Chinese futures rose slightly on Tuesday as the Chinese participants returned from their Ching Ming holiday.
The most-actively traded iron ore futures on the Dalian Commodity Exchange (DCE), for May 2020 delivery increased by 0.09% day-on-day to RMB 569.50 per tonne on Tuesday.
The steel rebar contract on the Shanghai Futures Exchange also hiked slightly by 0.09% to RMB 3,206 per tonne.
European high-grade products to arrive in Chinese market
More European high-grade products to arrive in China as the coronavirus pandemic forced the European steelmakers to cut production and thus reduced their consumptions for raw materials.
China seemed to be brighter spot for demand as the rest of the world were coping with the effect of coronavirus pandemic and thus were in lockdowns and reduced steel productions.
However, the diversion of raw materials to China from European market might create a supply glut situation and China’s steel recovery demand was still slow, while there was little improvement in steel margins.
European HRC margins to weaken in Q2
European hot rolled coil (HRC) steel margins are expected to weaken further in the second quarter of 2020, according to Platts’ estimate.
Platts expected a drop to EUR 231/mt or $249/mt of the Northwest European HRC steel to raw materials spread for Q2 from EUR 253/mt in Q1, due to higher raw material costs.
Downstream demand also took a hit due to coronavirus pandemic that caused blast furnaces across Europe to idle.
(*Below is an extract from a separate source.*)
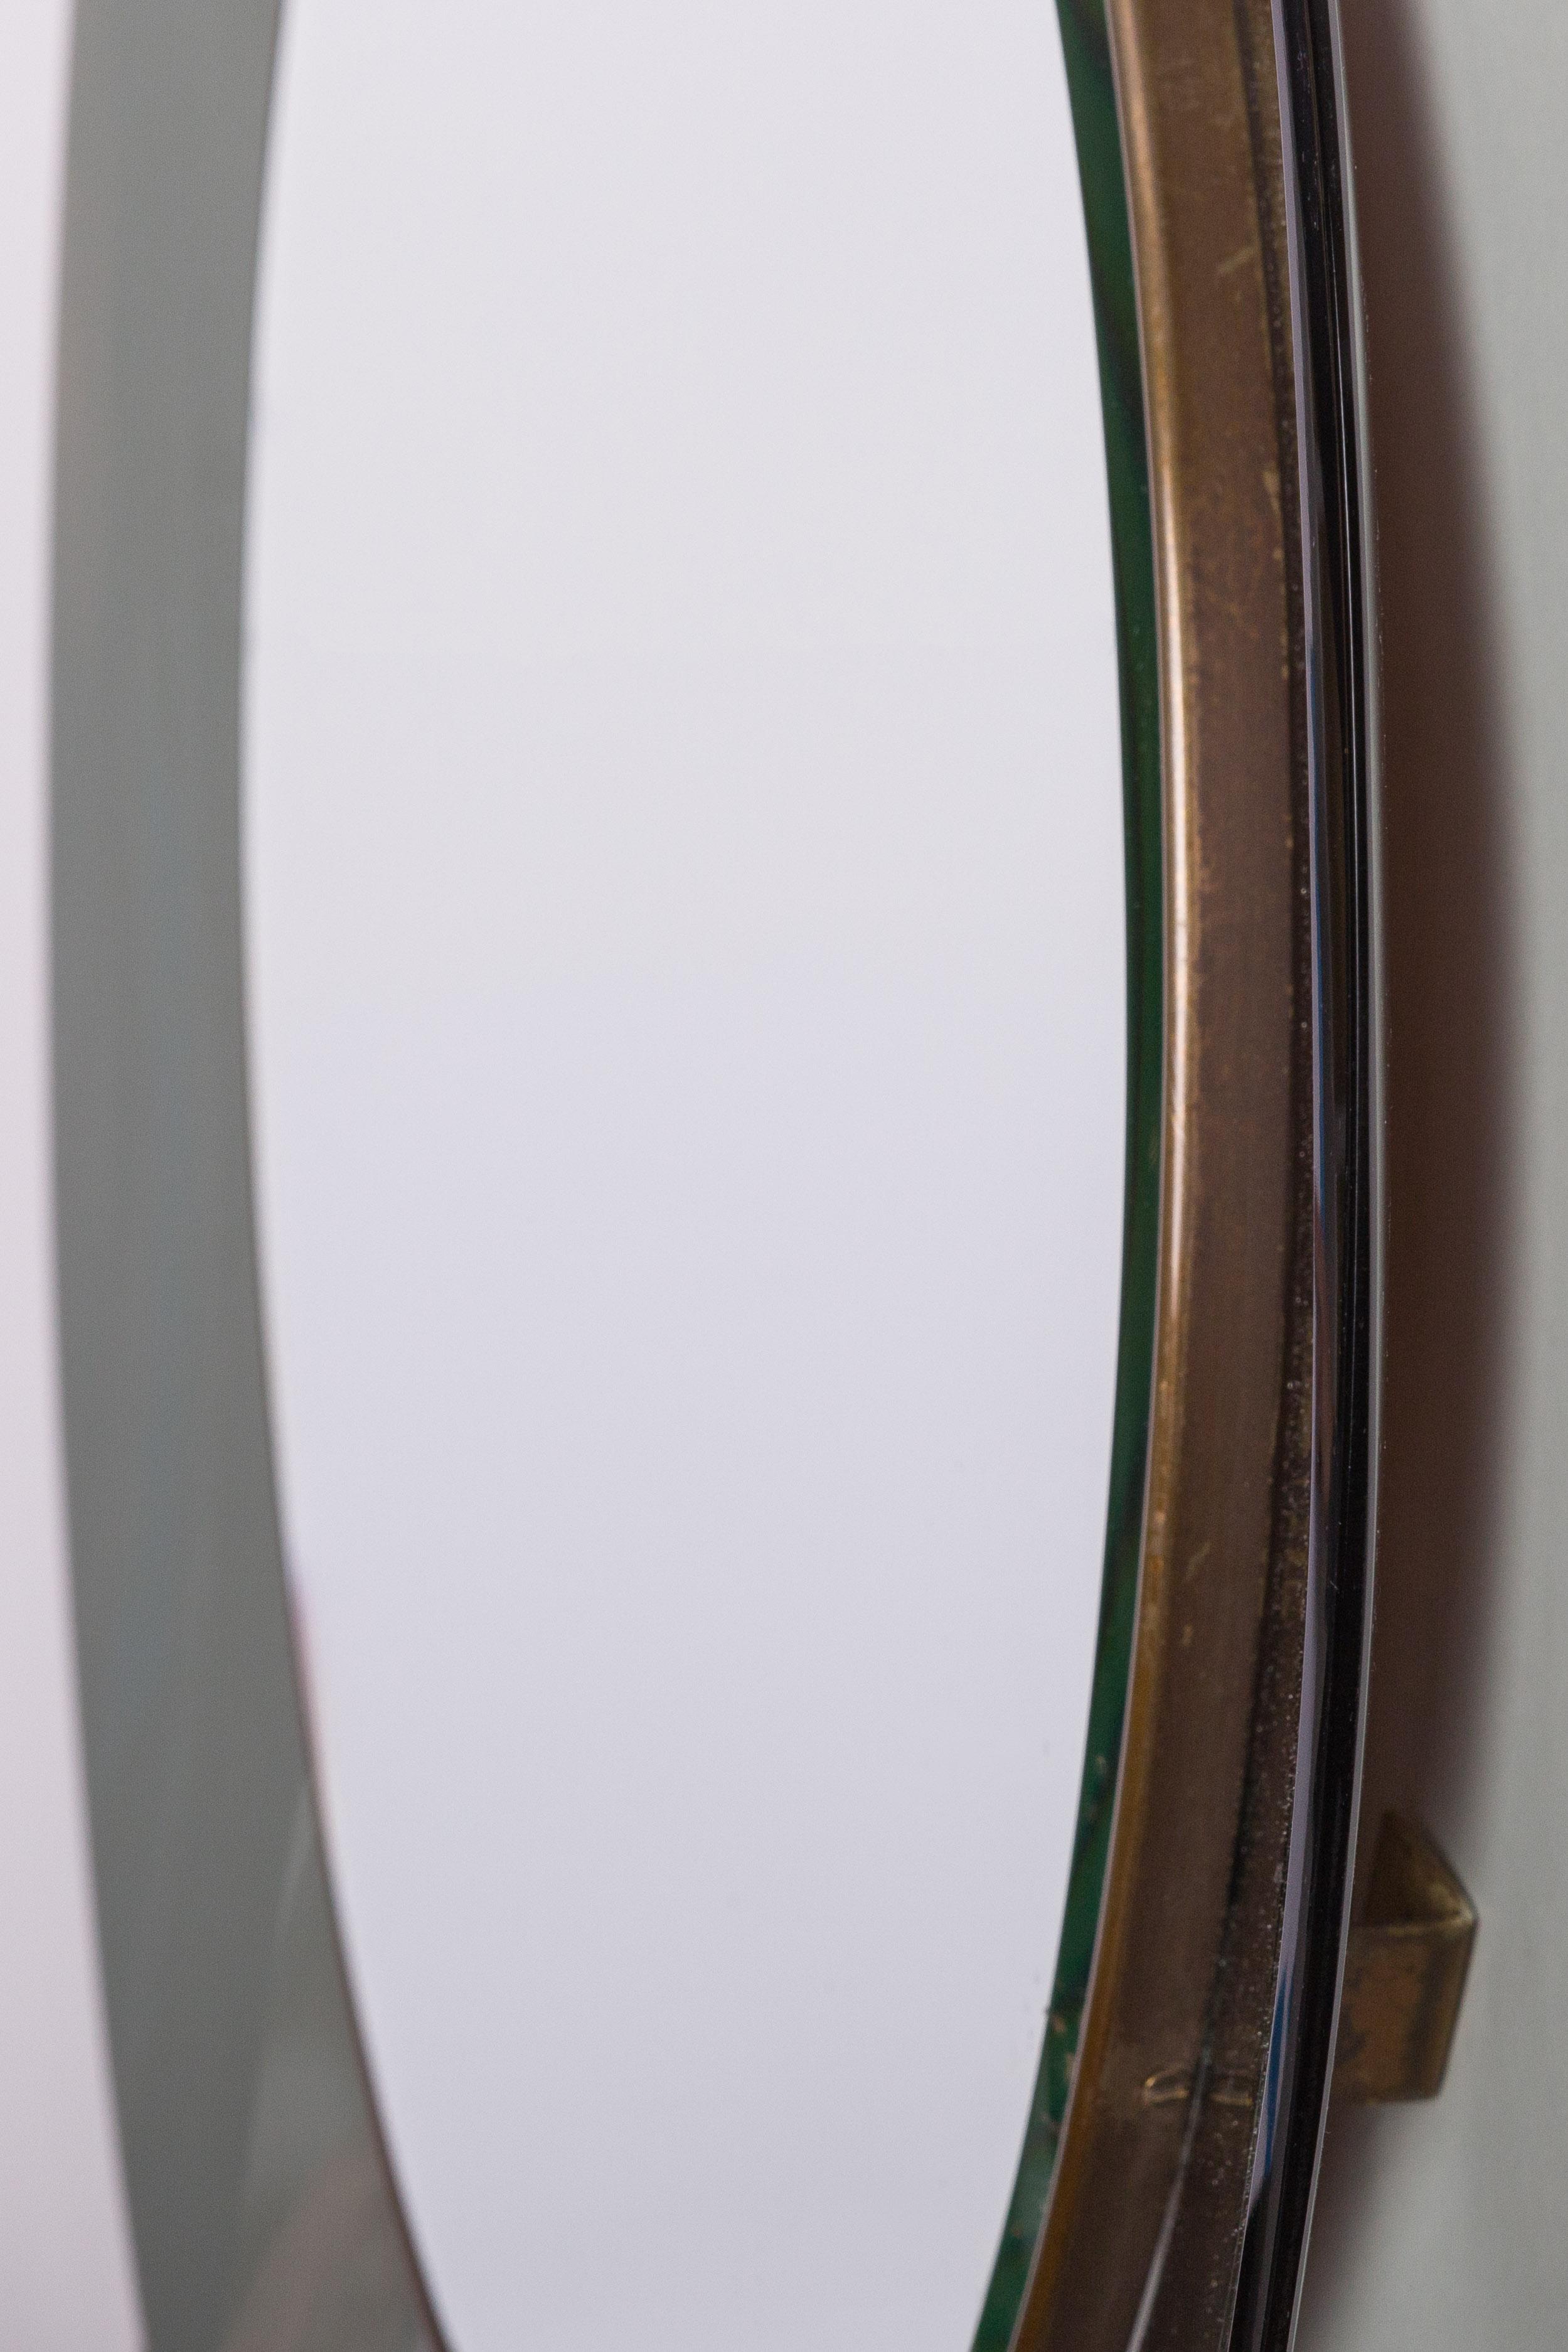 fon505-2 by    soyun k.

As such, Germany’s pig iron output fell by 9% year on year in first two months of 2020, as compared to a drop of 3.5% recorded in Q1 2019.
However, seaborne iron ore prices were expected to drop in Q2, as the global seaborne iron ore supplies normally see improvement in Q2 with iron ore producing countries like Australia and Brazil getting out of cyclone and rainy seasons.